## [WHAT TO PRODUCE]
The reader should set down exactly the lines from the one containing "Zoom in icon" through the last line of the material, omitting every picture.
====== DATA EXCERPT
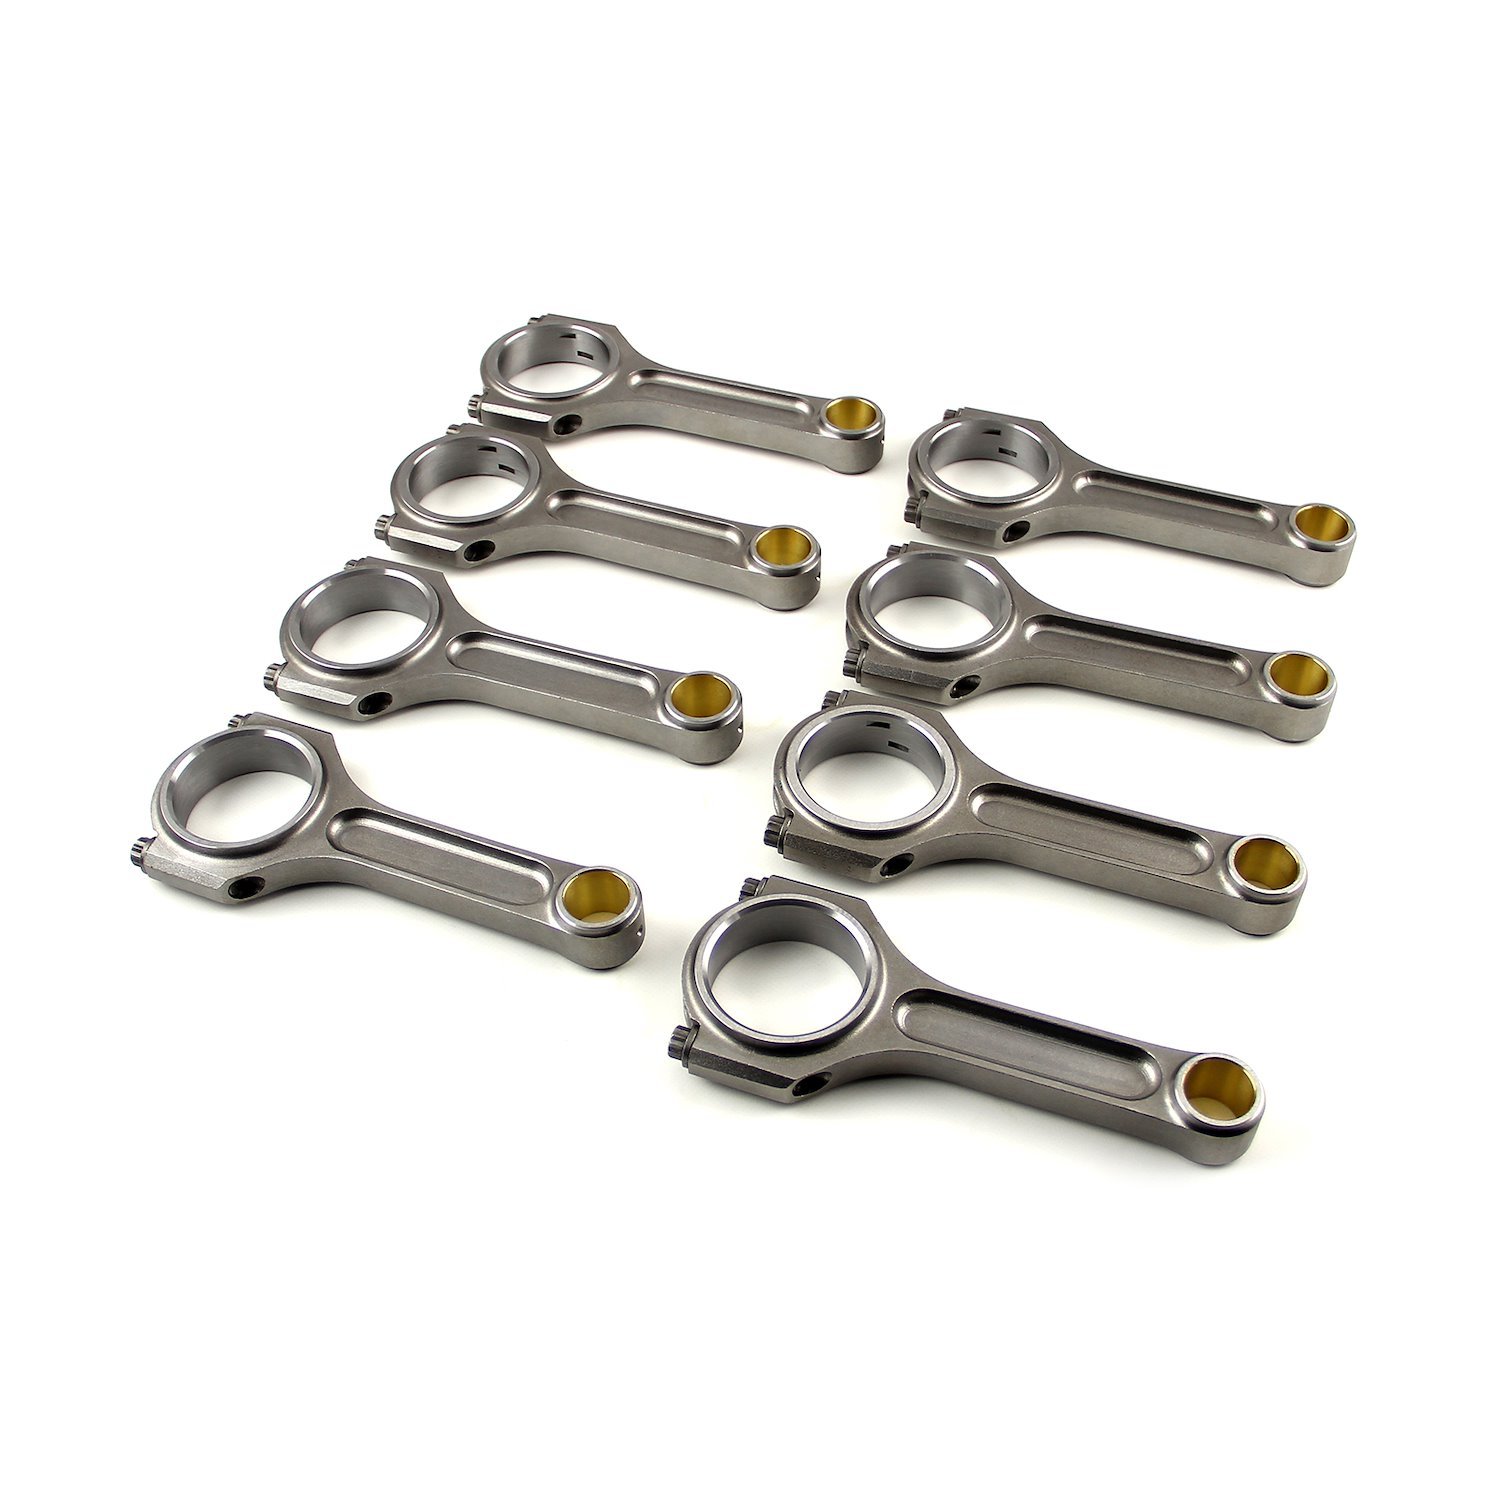 I Beam Race 5.400 2.123 .927 Bronze Bush 4340 Connecting Rods - Ford 302
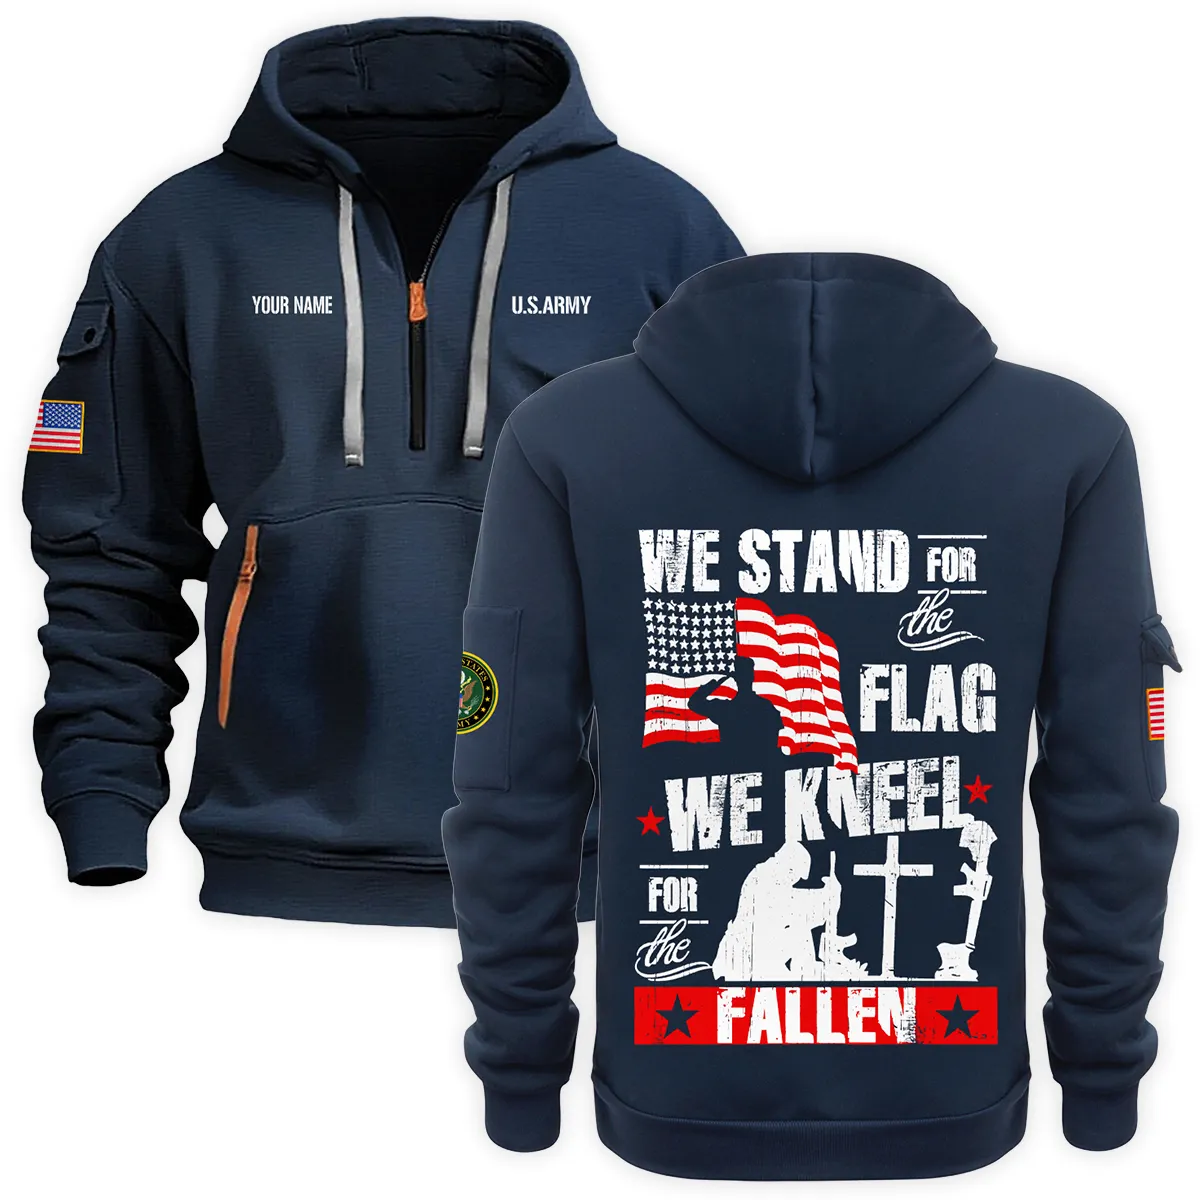 Personalized Name We Stand For The Flag U.S. Army Veteran Hoodie Half Zipper Quarter Hoodie
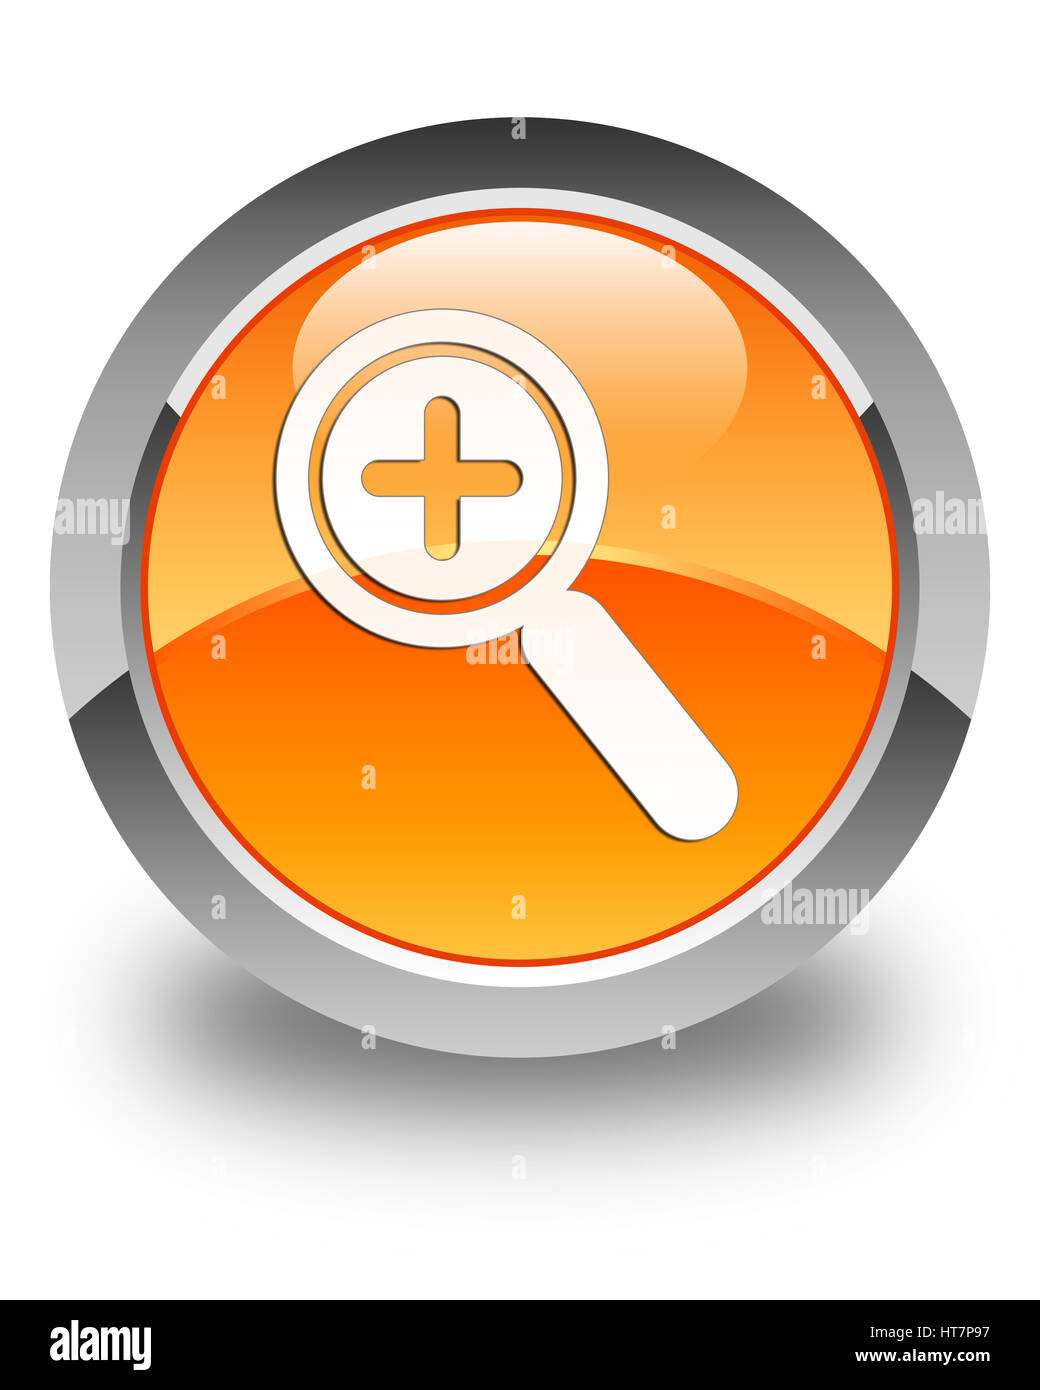 Zoom in icon isolated on glossy orange round button abstract illustration Stock Photo
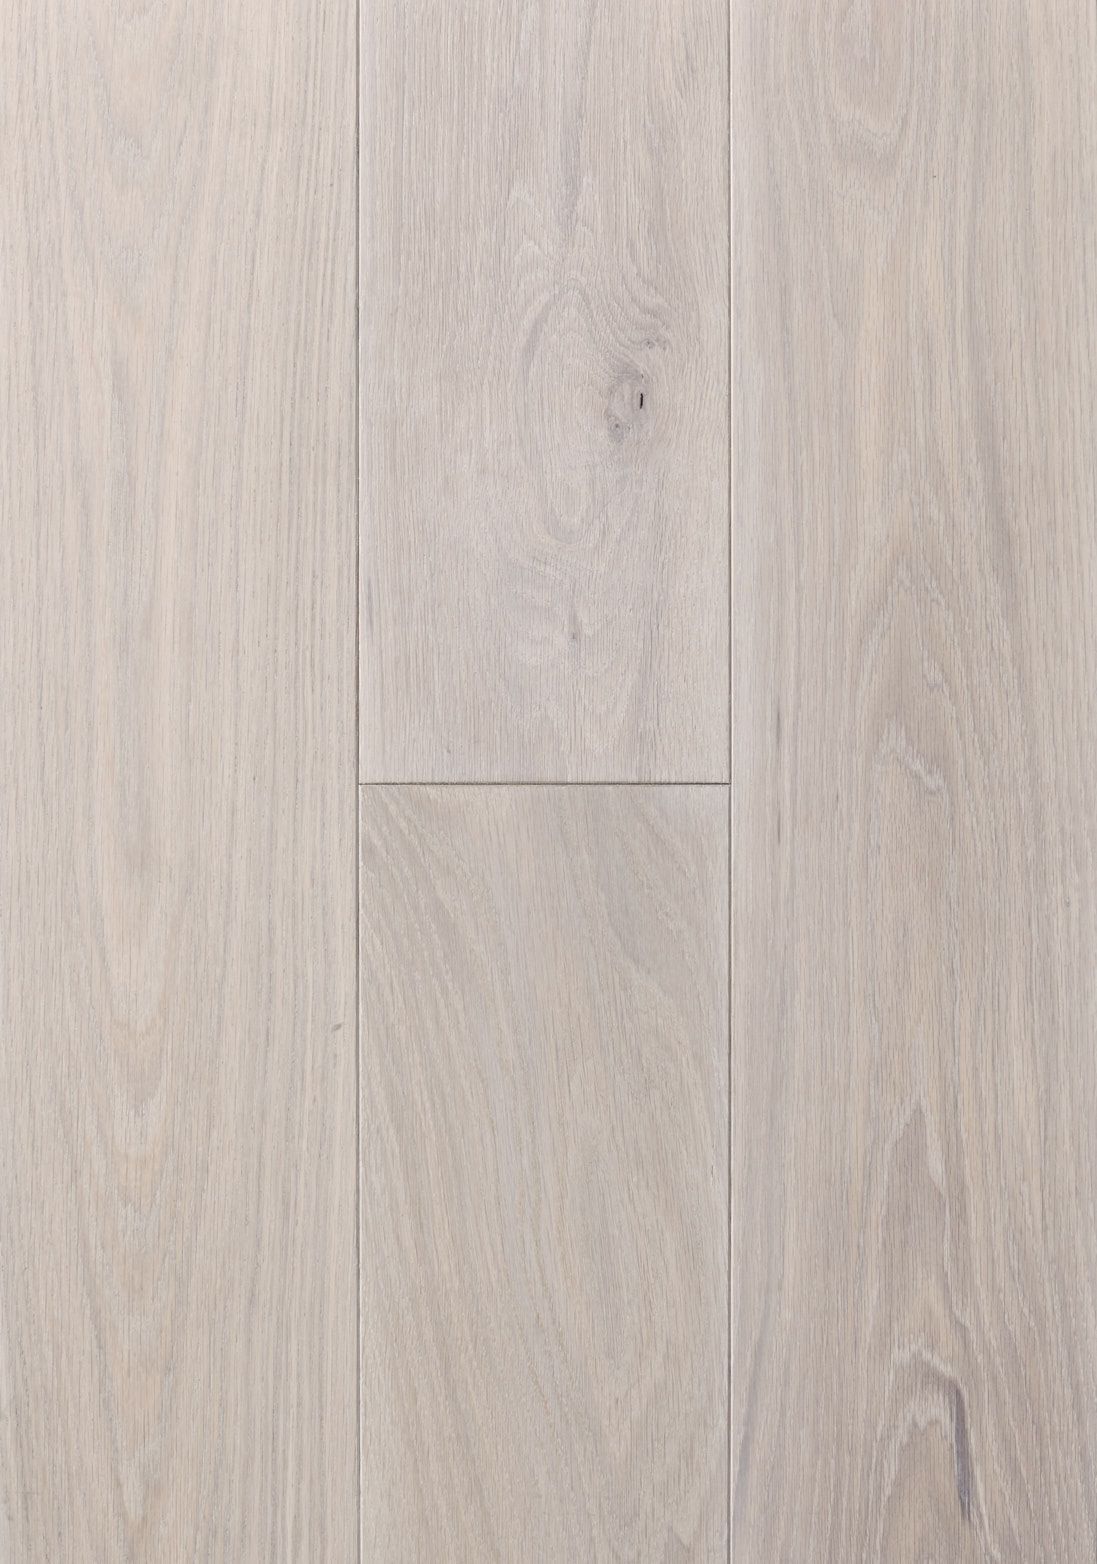 The beauty of the wood laminate flooring
============
## [ANSWER FOR THIS EXERCISE]
 Zoom in icon isolated on glossy orange round button abstract illustration Stock Photo
 The beauty of the wood laminate flooring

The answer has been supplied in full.